MDC Video Retrieval and Path Diversity Mechanisms on Scalable Content-Addressable Networks

Multiple state video coding techniques, which code the video into multiple independently decodable streams, have been widely researched to develop techniques to deal with improved state recovery for the corrupted stream at the receiver side. We used scalable CANs to figure out how a virtual cartesian space based abstraction of underlaying topology can facilitate retrieval and transmission mechanisms for multi-description video. This work proposes solutions to issues like searching, transmitting video packets through diverse paths and synchronizing different descriptions of a MDC coded video over a P2P overlay network. Our system allows communicating with more than one sender for each description and activating/inactivating selected senders according to path bandwidth estimation. We dealt with synchronizing streams from different senders to merge them into one stream on time making use of buffering at the receiver side. We evaluated our algorithms for 2 descriptions on ns2 simulator using a physical mesh topology with dynamic changing conditions and peers capable of participating our mechanisms.

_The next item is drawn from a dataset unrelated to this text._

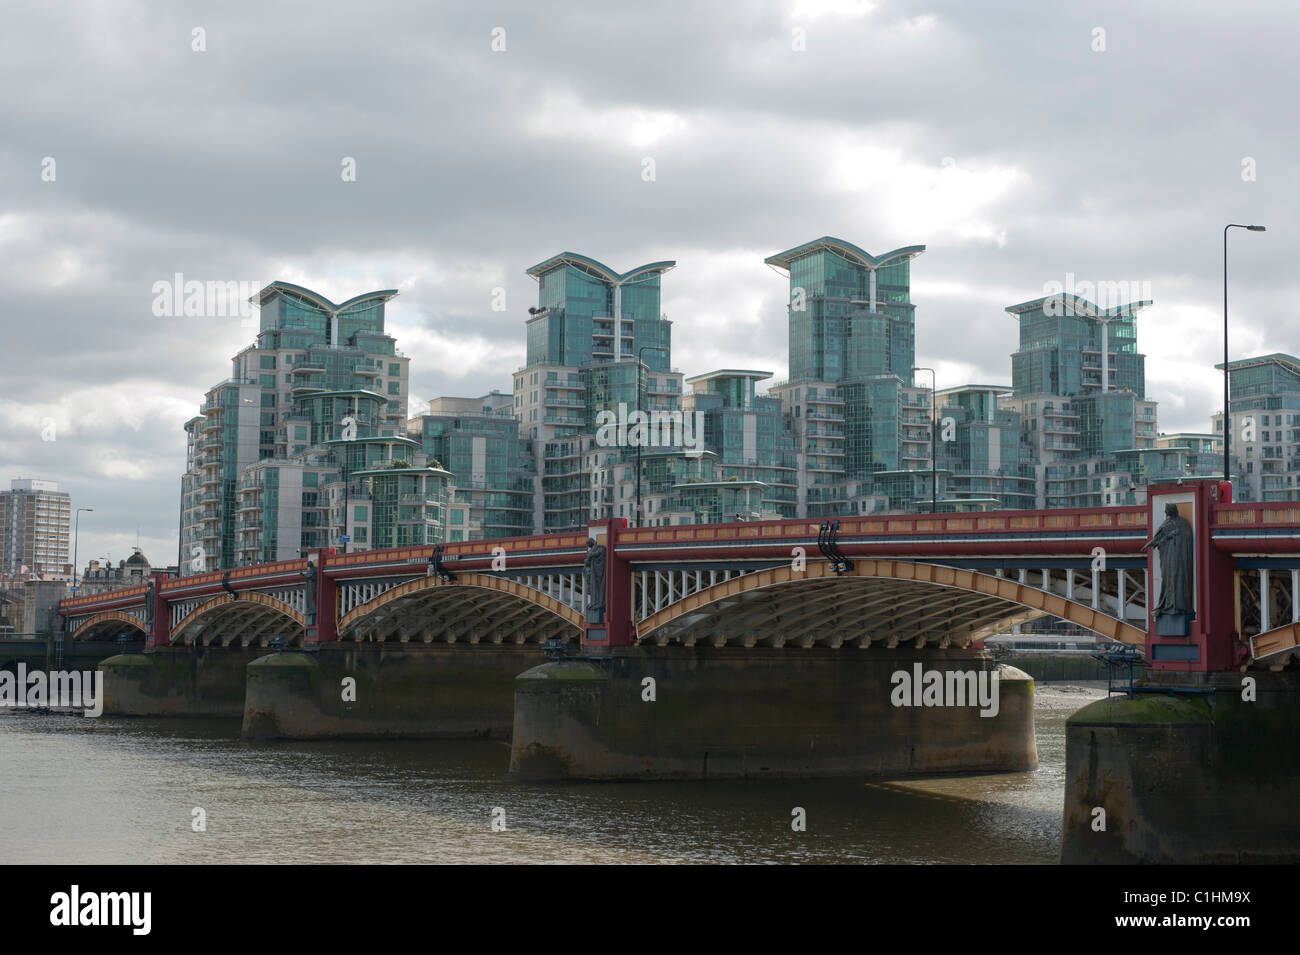 St George Wharf development in Vauxhall, London, seen with Vauxhall Bridge in the foreground Stock Photo

Weighted Classification of Unlabeled Documents with EM Algorithm

In this work, usage of EM text classification algorithm in an information retrieval (IR) system for classifying unlabeled documents in a topic hierarchy is introduced. IR systems can leverage text classification to capture similarity information and to search efficiently among their data considering the hierarchical relationship between documents. Two usages of classification results for CAN-based IR systems are proposed as an additional hash function and dimension reduction approach using realities. The performance of the algorithm in classifying large amounts of unlabeled documents is shown, and benefits and drawbacks of classification in an IR system are discussed.

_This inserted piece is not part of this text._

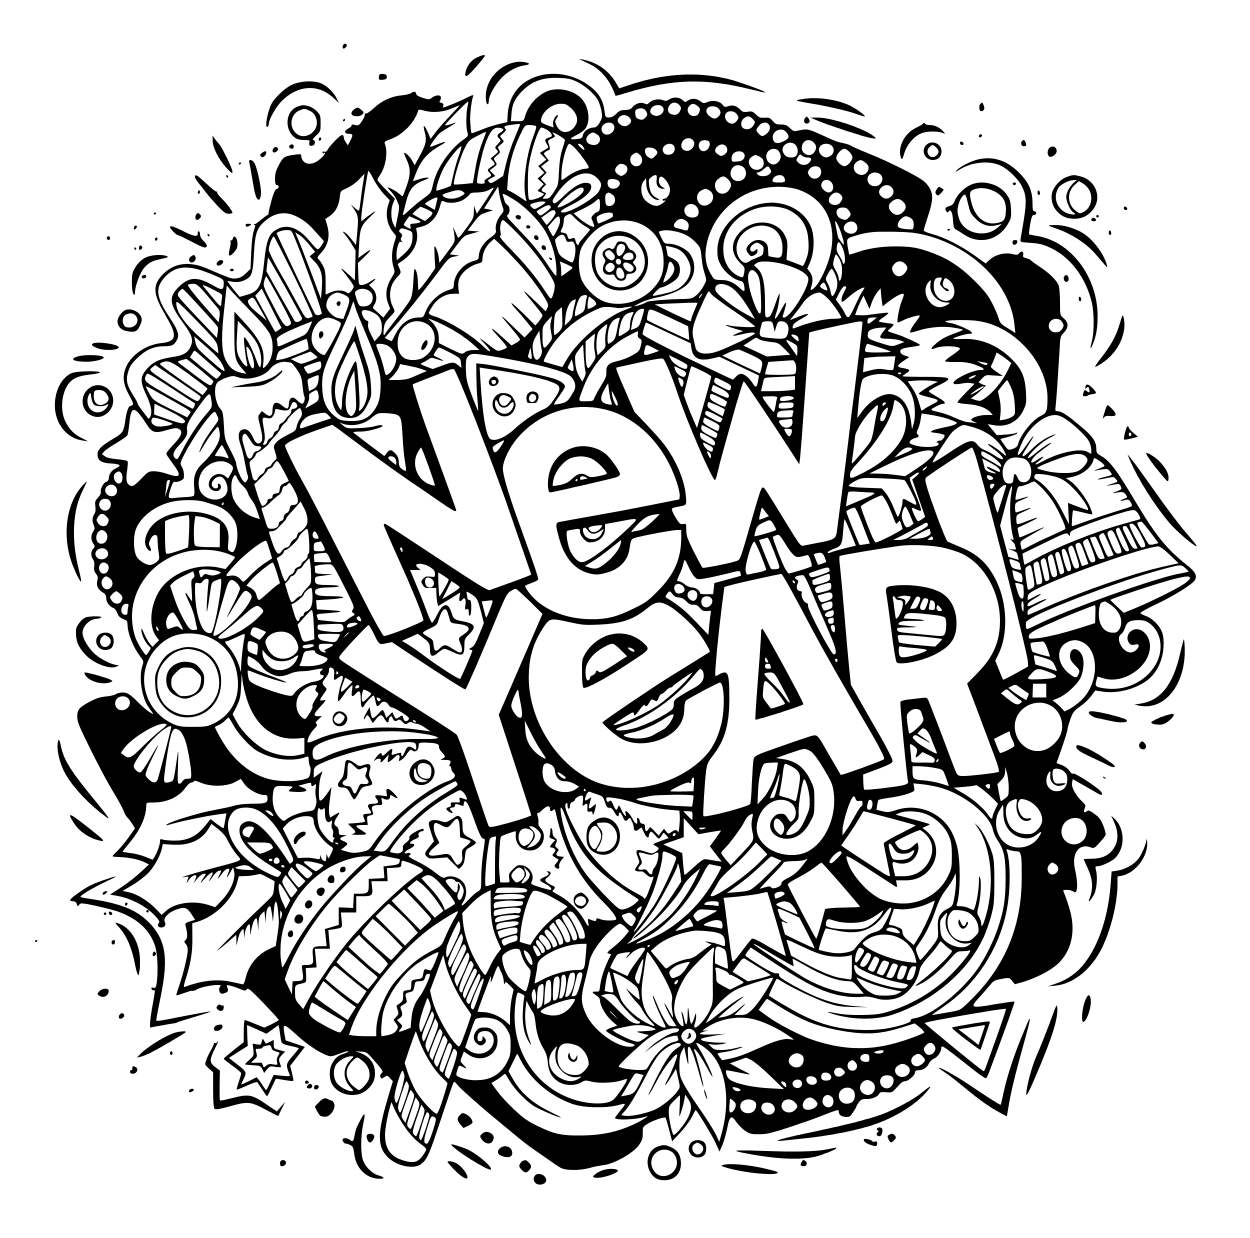 New Year Doodles Objects And Elements Coloring Page

Parallel Implementation of Hierarchical EM Algorithm for Unsupervised Text Classification

With increasing rate of information storage on Internet, the number of documents handled by information retrieval (IR) systems is growing exponentially in time. Indexing huge number of documents and searching among them requires strong machine learning techniques to compute categorization information of documents in an automated manner. Hierarchical EM is one of the machine learning-based text categorization algorithms which has been proved to be efficient and accurate to classify documents for a topic hierarchy. In this work two parallelization techniques, called horizontal and vertical decomposition, for hierarchical EM algorithm were proposed and evaluated with a number of unlabeled data sets. In both cases, the load balance was preserved and the speed up and e±ciency characteristics of the algorithms for large data sets were evaluated. The work can give intuition on how a tree based algorithm can be decomposed into tasks for parallel implementations.

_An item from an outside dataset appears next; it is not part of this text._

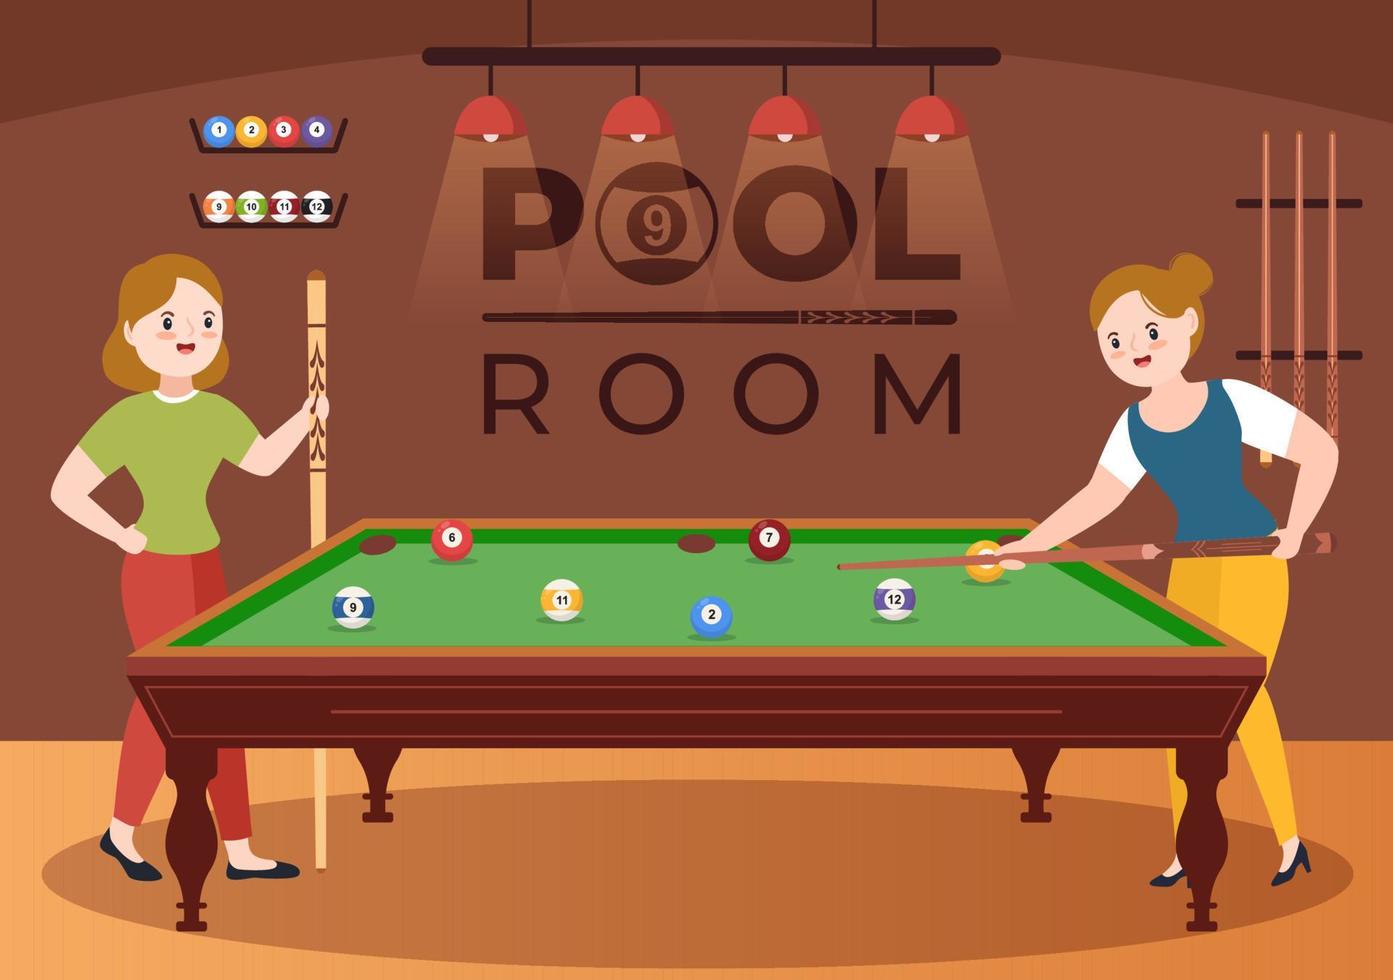 Billiards Game Hand Drawn Cartoon Flat Illustration with Player Pool Room with Stick, Cue Aiming at Billiard Balls in Sports Club vector

Modeling Workload Breakdown Properties of The MPEG-2 Decoder Application with Hidden Markov Processes

Dynamic power management (DPM) is a design methodology for dynamically configuring systems to provide service constraints with a minimum load on components, and thus minimum power consumption. Stochastic techniques, in the context of DPM, treat dynamic power management as an optimization problem under uncertainty, using random processes to model the probabilistic behavior of the system. In this work, we derived Hidden Markov Models (HMMs) for the workload characterization of some specific tasks in the MPEG-2 decoder application. Our work reveals how a state-based stochastic model can exploit the probabilistic execution time of the tasks in an application that affects the load on the processor, and thus the power consumption during a period. We analyzed the HMMs produced by evaluating the predicted state sequences using the Viterbi algorithm, given some real executions of the decoder on different MPEG-2 video files, by assessing how close the workload behaviors of the predicted states were to the observed real values.